This section is from the book "A Manual Of British Vertebrate Animals", by Leonard Jenyns. Also available from Amazon: A Manual Of British Vertebrate Animals.
Plumage above deep olive-brown; beneath blackish gray; ridge of the wing, and under tail-coverts, white.
G. chloropus, Temm. Man. d'Orn. torn. ii. p. 693. Common Gallinule, Mont. Orn. Diet. Bew. Brit. Birds, vol. ii. p. 137. Selb. Illust. vol. ii. p. 188. pl. 31.
Entire length thirteen inches: length of the bill (from the base of the frontal disk) one inch five lines, (from the gape) one inch one line and a half; of the tarsus one inch eleven lines; of the middle toe two inches eight lines and a half; of the tail two inches eleven lines; from the carpus to the end of the wing six inches nine lines: breadth, wings extended, twenty inches ten lines.
Head, throat, neck, and upper part of the breast, dusky-gray; rest of the under parts deep bluish gray, the feathers on the belly and abdomen edged with grayish white: upper parts dark olive: flanks with large longitudinal streaks of white: ridge of the wing, and under tail-coverts, pure white, the latter with a few black feathers intermixed: frontal disk, and base of the bill, red; tip of the bill yellow: irides red: legs and toes olive-green: on the naked part of the tibia a red circle. (Young, till after the second autumnal moult). Crown of the head and nape, as well as the rest of the upper parts, olivaceous brown: throat, front of the neck, and a spot beneath the eye, whitish; breast, belly, and abdomen, pale gray; flanks tinged with olivaceous: tip of the bill greenish, passing into olivaceous brown at the base: the frontal disk of small size, of a deep olivaceous brown: irides brown: legs olivaceous; the naked part of the tibia yellowish. (Egg). Reddish white, sparingly spotted and speckled with orange-brown: long. diam. one inch eight lines and a half; trans, diam. one inch three lines and a half.

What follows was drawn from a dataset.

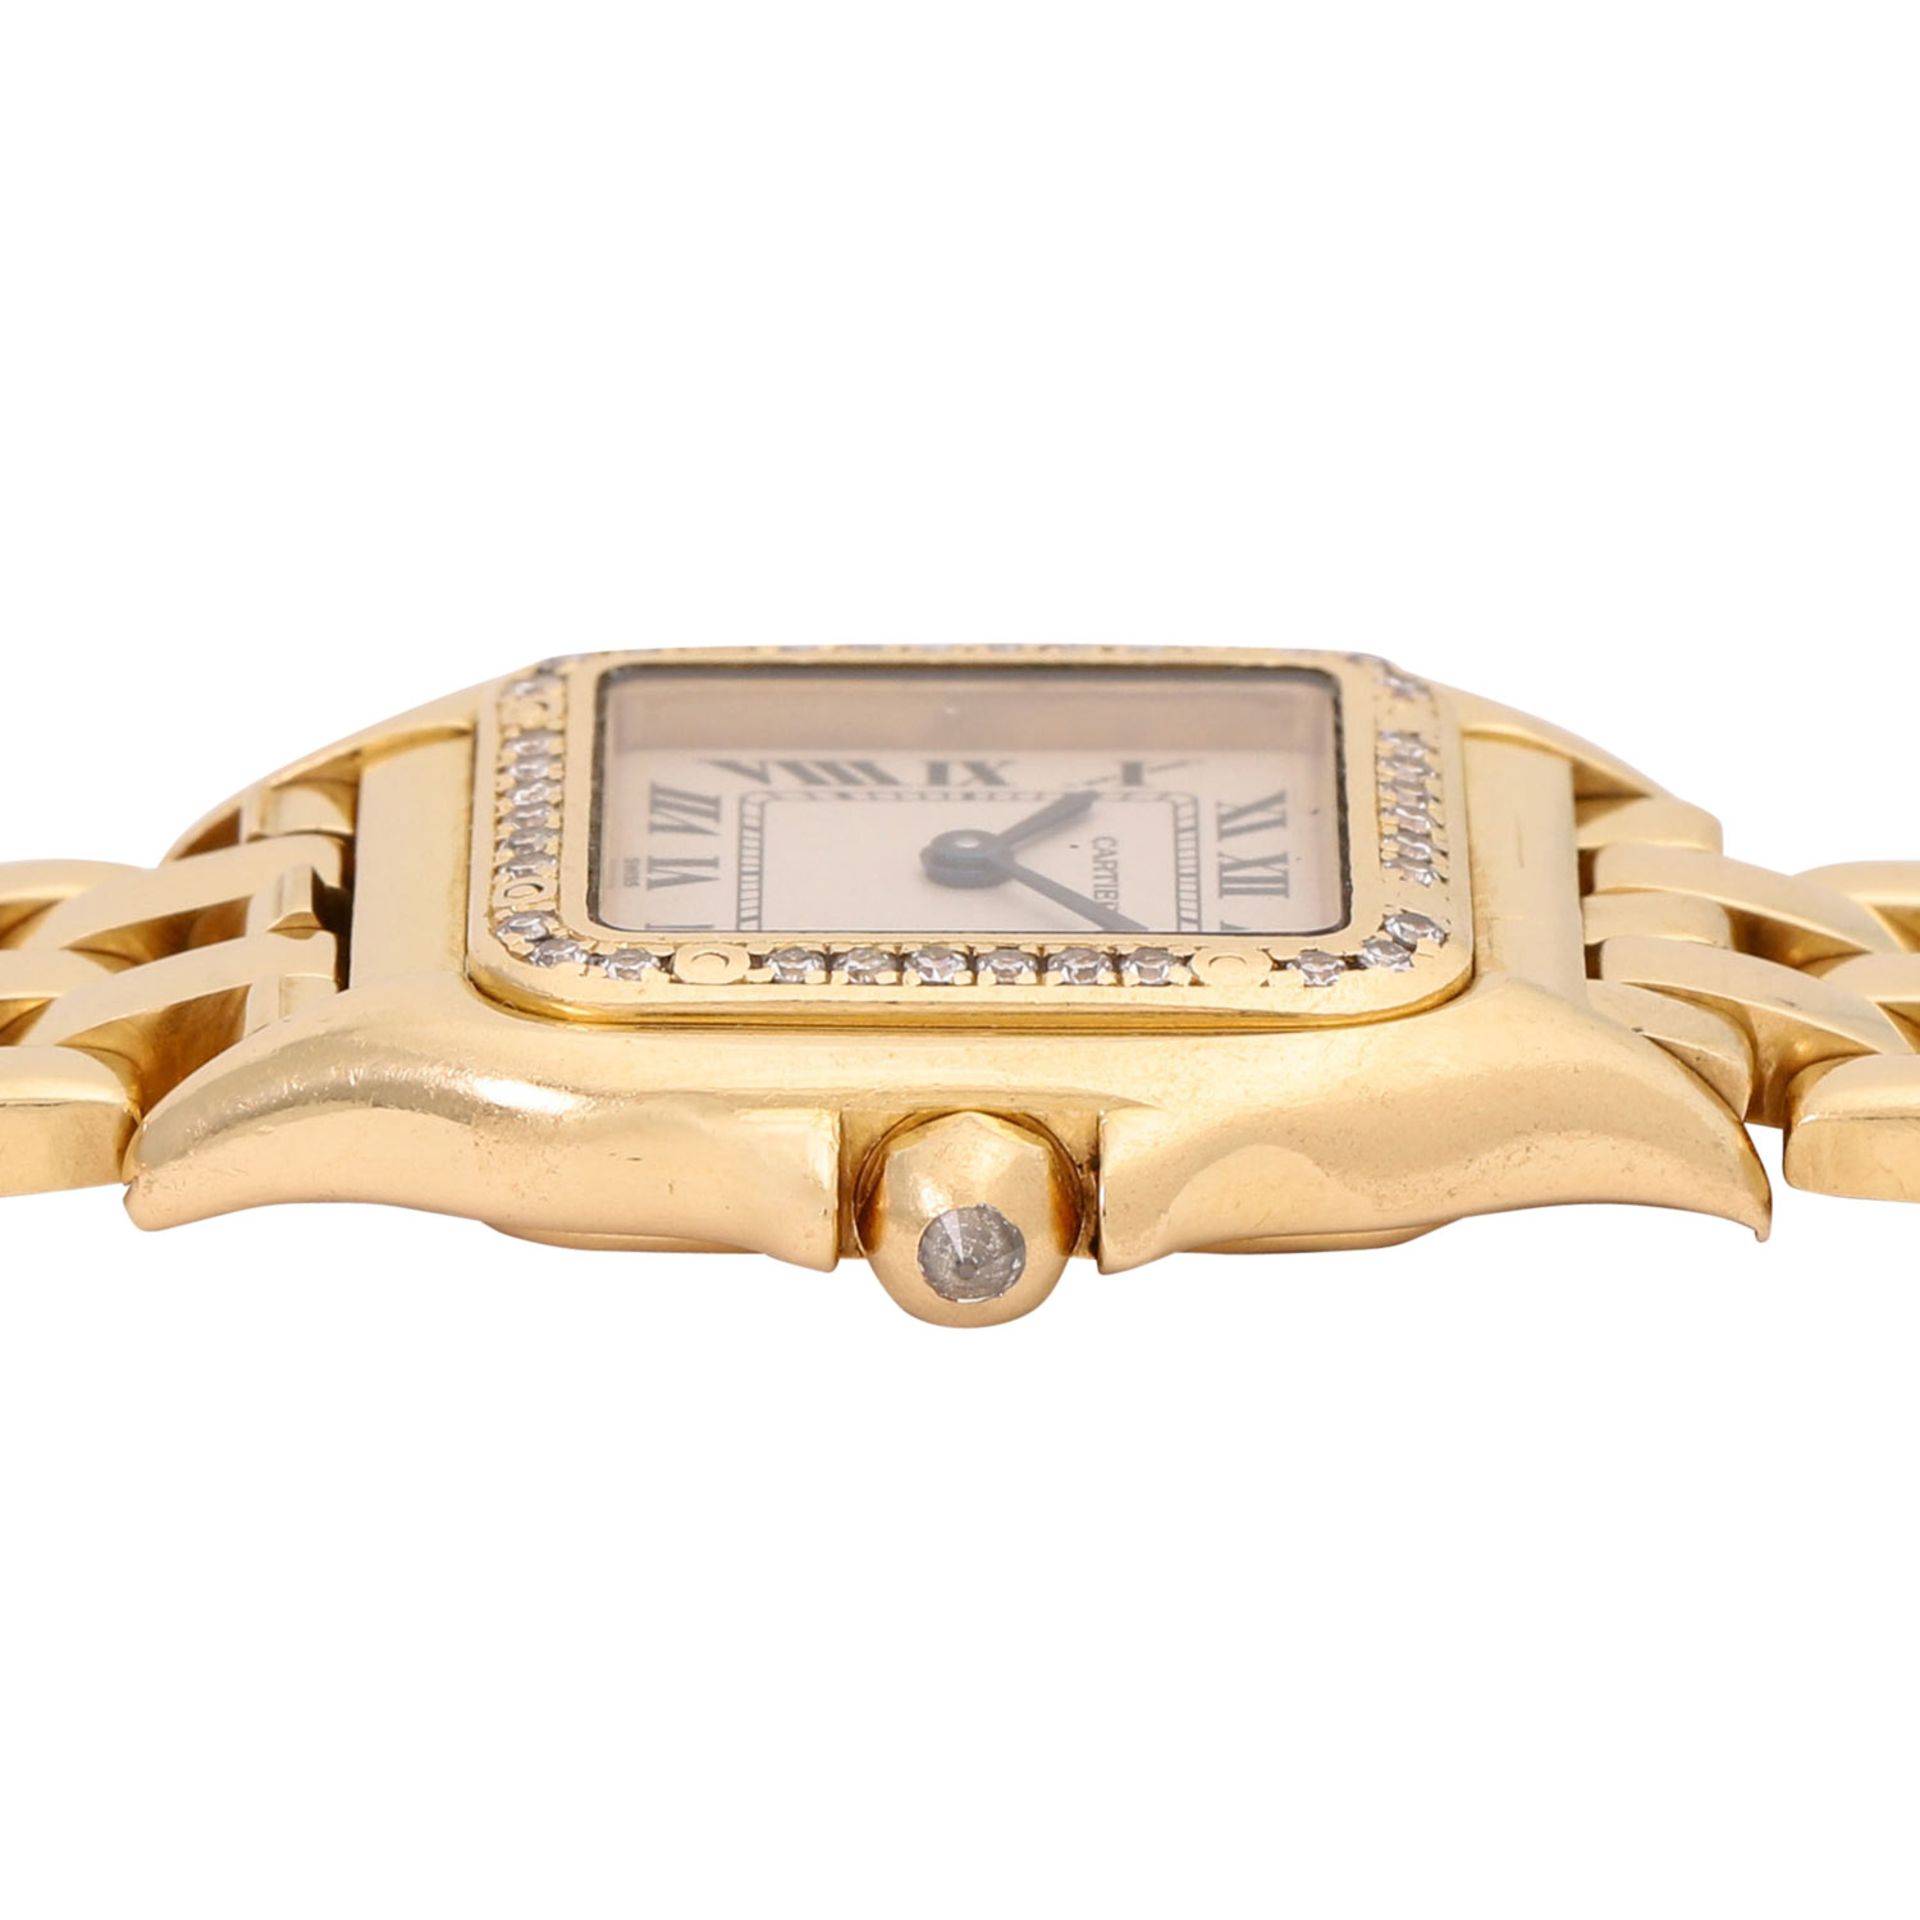 CARTIER Neo-Vintage Panthere SM "Diamond" Damen Armbanduhr, Ref. 1280 2. Ca. 1990er Jahre. - Bild 3 aus 7

A common inhabitant of marshy places and the banks of rivers throughout the country. Runs swiftly, and is also a good swimmer. Nest constructed of rushes and other dry herbage; generally placed on the ground near the water's edge, but occasionally in trees. Eggs from five to eight in number, laid early in April. Food, insects, seeds, and aquatic vegetables.